Derk stood up. “If you insist.”

“I do insist!” Wermacht said. “As a member of the Governing Body of this University, I demand you get that filthy brute out of here!”

“I am not a filthy brute!” Filbert wheeled round and trotted towards Wermacht, quite as outraged as the wizard was. “I’m not even exactly a horse. Look.” He spread his great auburn wings with a clap.

To everyone’s surprise, Wermacht cringed away backwards with one arm over his head. “Get it out of here!”

“Oh gods! He’s scared of horses!” Elda said, jigging about. “He’s probably scared of me too. Somebody else do something before he puts a spell on Filbert!”

Lukin had his legs braced ready to charge over there. Ruskin was already down from the plinth and running. Derk forestalled both of them by swiftly translocating himself to Filbert’s flank and taking hold of the bridle. “I’m extremely sorry,” he said to Wermacht. “I wasn’t aware that horses were illegal here. It wasn’t a rule in my day.”

“Ignorance is no excuse!” Wermacht raged. He was mauve with fear and anger. “You should have thought of the disruption it would cause, bringing a monster like this into a place of study!”

“He’s still calling me names!” Filbert objected.

Derk pulled downwards hard on Filbert’s bit. “Shut up. I can only repeat that I’m sorry, Wizard. And I don’t think there’s been any disruption—”

“What do you know about it?” Wermacht interrupted. “I don’t know who you are, but I can see from the look of you that you haven’t a clue about the dignity of education. Just go. Take your monster and go, before I start using magic.” He shot an unloving look at Elda. “We’ve one monster too many here already!”

At this, Derk’s shoulders humped and his head bowed in a way Elda knew meant trouble.

But here, Corkoran came rushing across the courtyard from the Spellman Building with his palm-tree tie streaming over his left shoulder.
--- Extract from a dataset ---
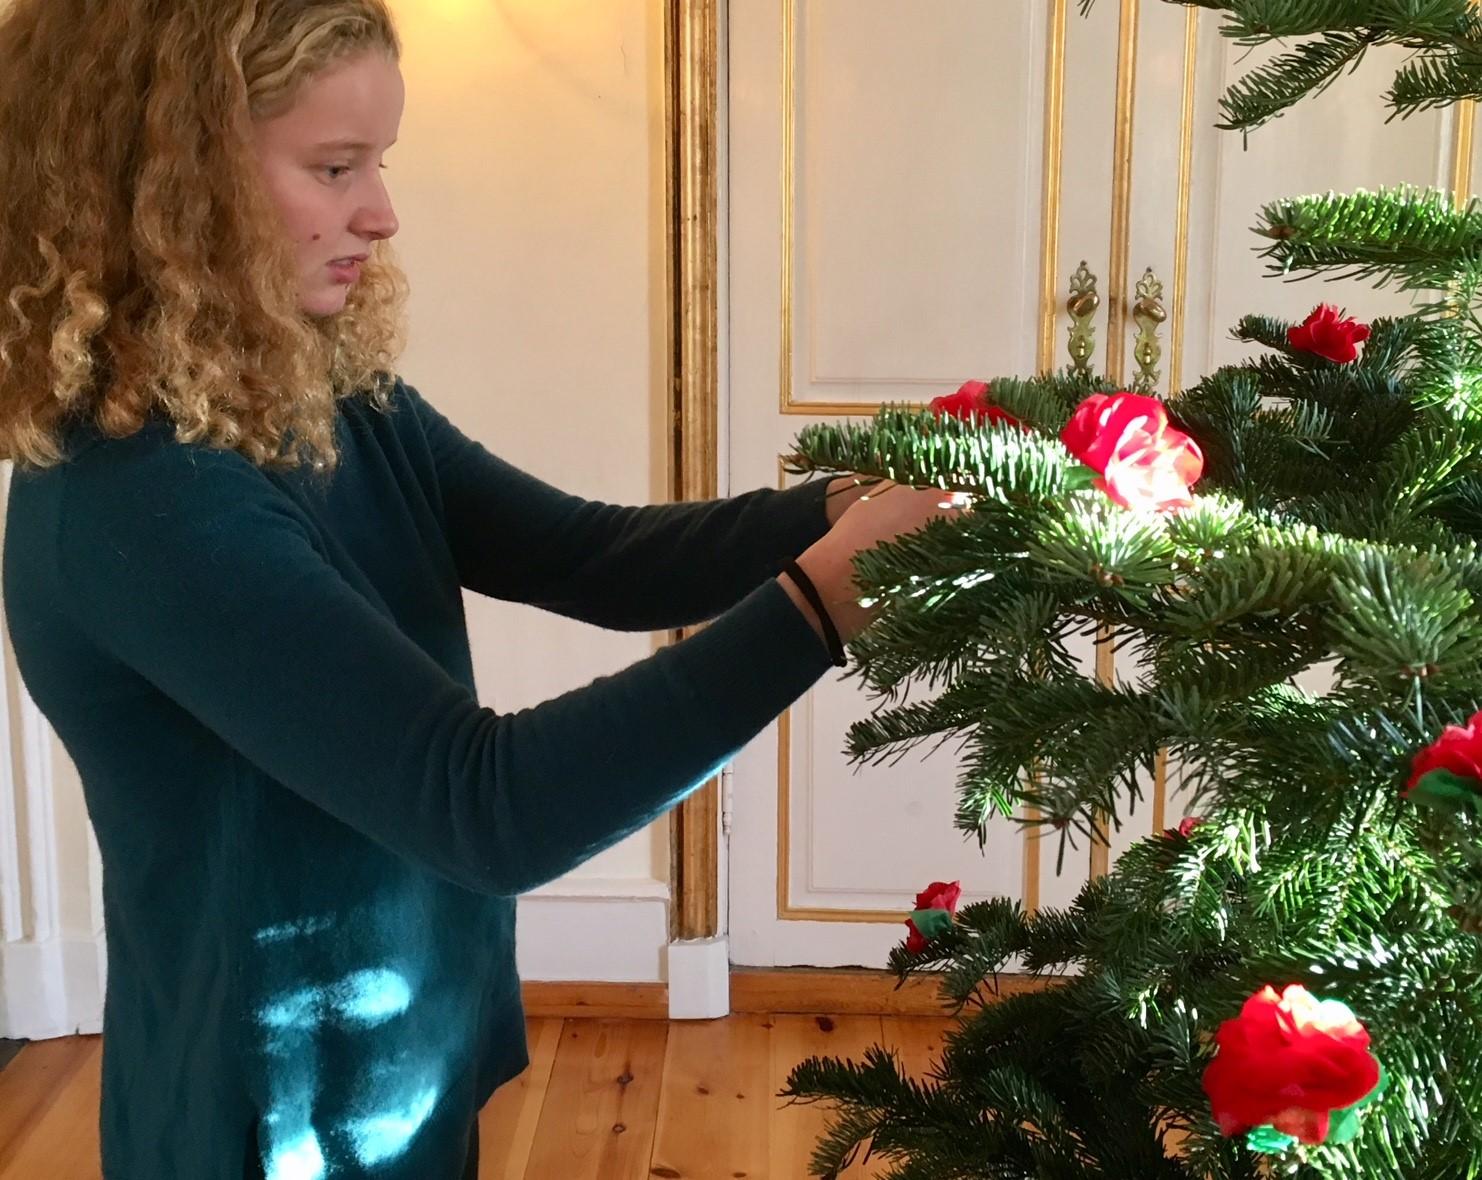 Juletreet i Konventionssalen ble pyntet med vakre juleroser i silkepapir. Foto: Bjørg Holsvik / Moss by- og industrimuseum.

One of his senior students had seen trouble brewing from the refectory windows and sent him a warn spell. “Oh, Wizard Derk,” Corkoran panted cordially. “I am so very pleased to meet you again. You may not remember me. Corkoran. We met during the last tour.” He held out a hand that quivered with his hurry.

Wermacht’s reaction would have been comic if, as Olga said, it had not been so disgusting. He bowed and more or less wrung his hands with servile welcome. “Wizard Derk!” he said. “The famous Wizard Derk, doing us the honour to come here! Corkoran, we were just discussing, Wizard Derk and I—”

Derk shook hands with Corkoran. “Thank you for intervening,” he said. “I remember you had the tour after Finn’s. I was just leaving, I’m afraid. I had been thinking of discussing a donation with you – though my funds are always rather tied up in pigs and oranges and things – but as things turn out, I don’t feel like it today. Perhaps later. Unless, of course,” he added, putting his foot into Filbert’s stirrup, ready to mount, “my daughter has any further reason to complain of being treated as a monster. In that case, I shall remove her at once.”

He swung himself into the saddle. Filbert’s great wings spread and clapped. Wermacht ducked as horse and rider plunged up into the air, leaving Corkoran staring upwards in consternation.

“Wermacht,” Corkoran said with his teeth clenched, and too quietly, he hoped, for the students around the statue to hear, “Wermacht, you have just lost us at least a thousand gold pieces. I don’t know how you did it, but if you do anything like that again, you lose your job. Is that clear?”